В общем, поступили мы с женой и дочкой полковника как поступают солдаты со всеми, годными для этого дела женщинами при взятии вражеского города. Я тщательно снимал всё это дело на камеру, потом сам занимался гимнастикой с дочкой Руденко, Ильяс снимал, затем он поменял Артура, чтобы тот тоже поучаствовал. У меня были кое-какие сомнения на его счёт, которые нужно было опровергнуть как можно быстрее, или…
Артур — ничего, молодец, с ходу вписался в процесс. В общем,
Зато жена не подкачала. Баба попалась крепкая, гладкая, чувственная. До упора сопротивлялась, визжала и стонала, отчаянно вырываясь из-под всех, кто на неё залезал. Спасибо полковнику, хорошую супругу воспитал, доставила она немало приятных минут мастерам ратного дела. Будь моя воля, я бы ей выписал золотую медаль за организацию досуга среди личного состава.

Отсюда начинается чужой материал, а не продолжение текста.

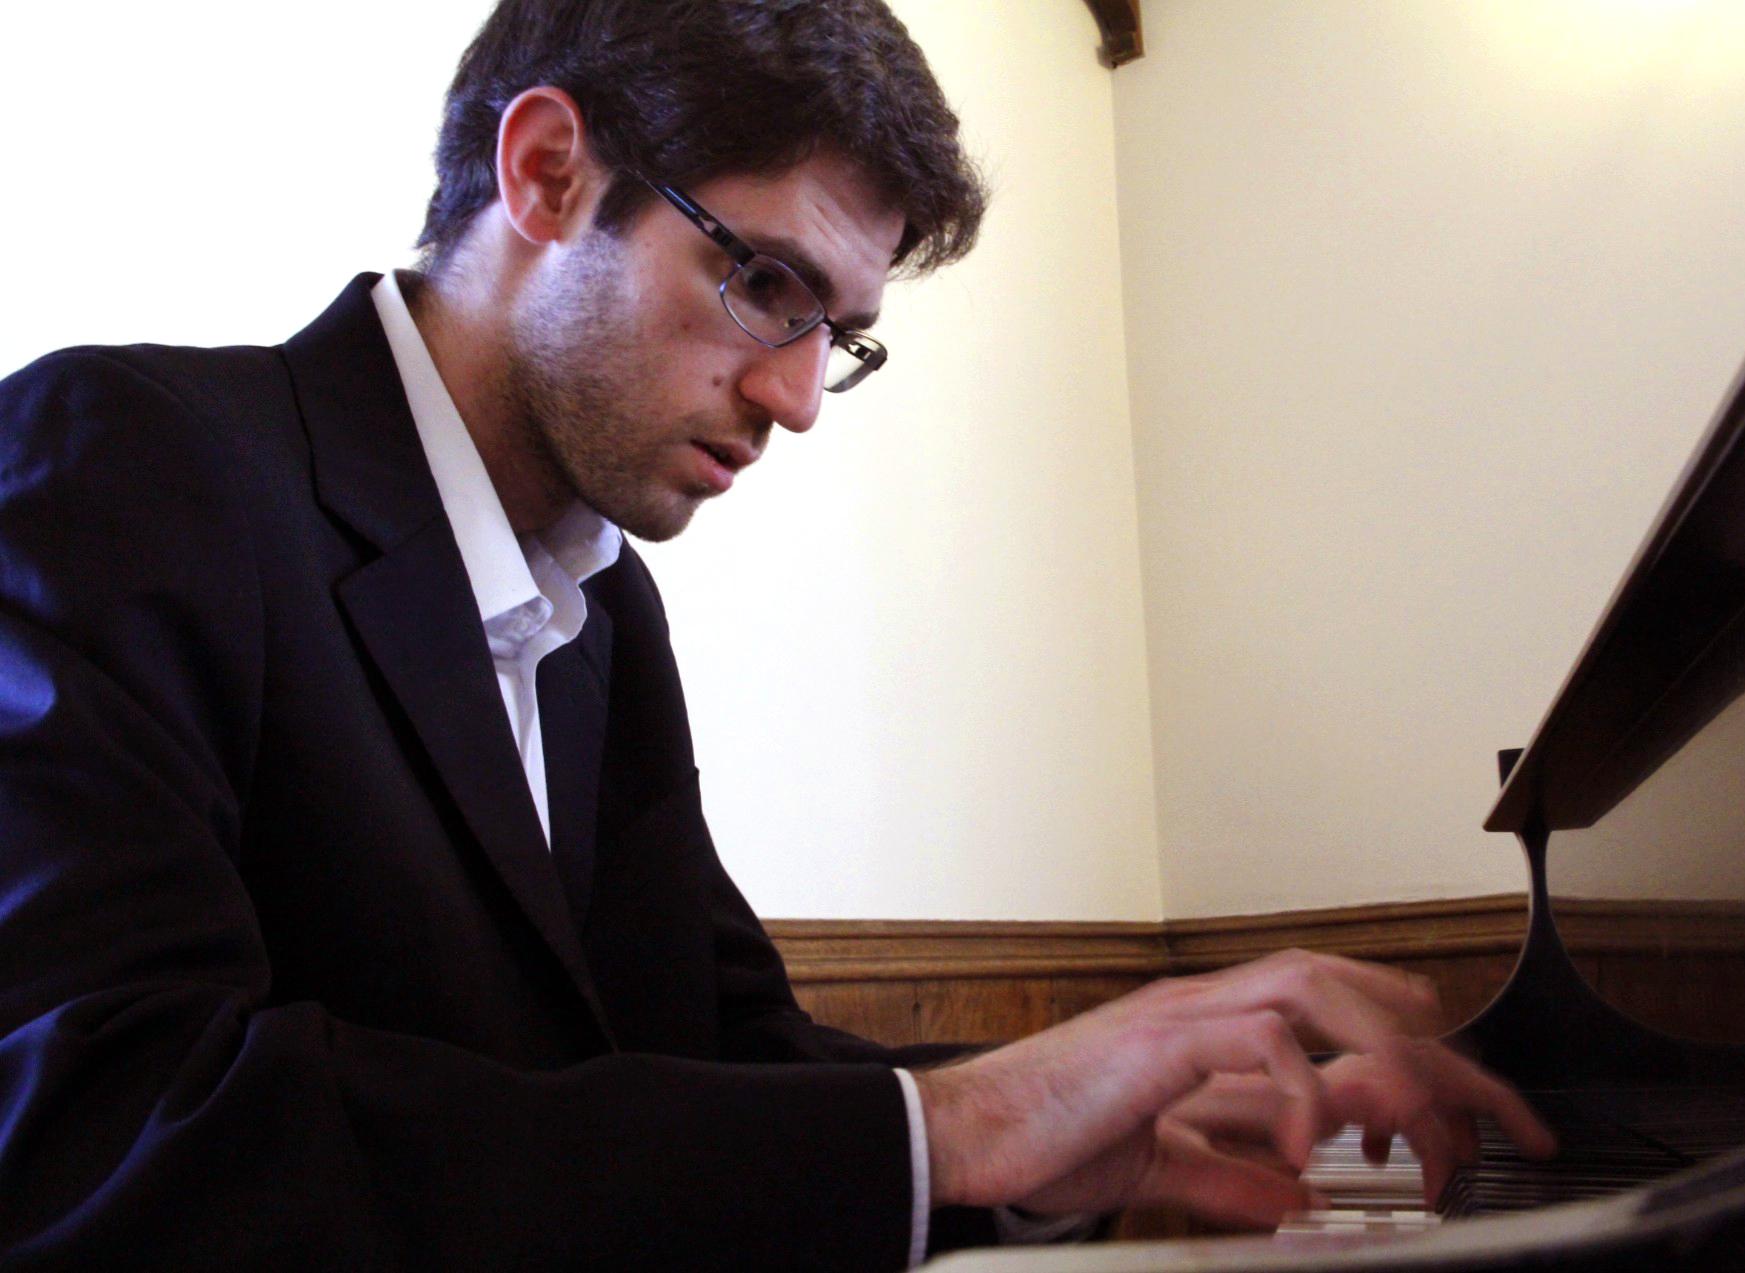 The Arts Arena Yale School of Music Recital, Yevgeny Yontov, piano

Потом мы как следует пожрали, у них на кухне было много хорошей еды, прибрали за собой — посуду сполоснули кипятком, залили в мойке горячей водой, и сели ждать, выставив пост (Артура, естественно) на крылечке.
Только не надо думать, что мы совсем оборзели от безнаказанности или ненароком утратили чувство здравого смысла. Напротив, всё было рассчитано до мелочей.
Вот выводы из информации, которой мы располагали — по допросу жены Руденко и личным наблюдениям.
За полковником, скорее всего, следили давно, и вовсе не в связи с нашей деятельностью, а по поводу каких-то других махинаций более безобидного характера. В противном случае (если предположить, что откуда-то со стороны Майрбека произошла утечка информации и вся эта активность связана именно с нами) следует признать, что те, кто за ним следил, — конченые идиоты. Иначе трудно объяснить всю эту канитель с погоней, начавшуюся практически сразу после нашего появления.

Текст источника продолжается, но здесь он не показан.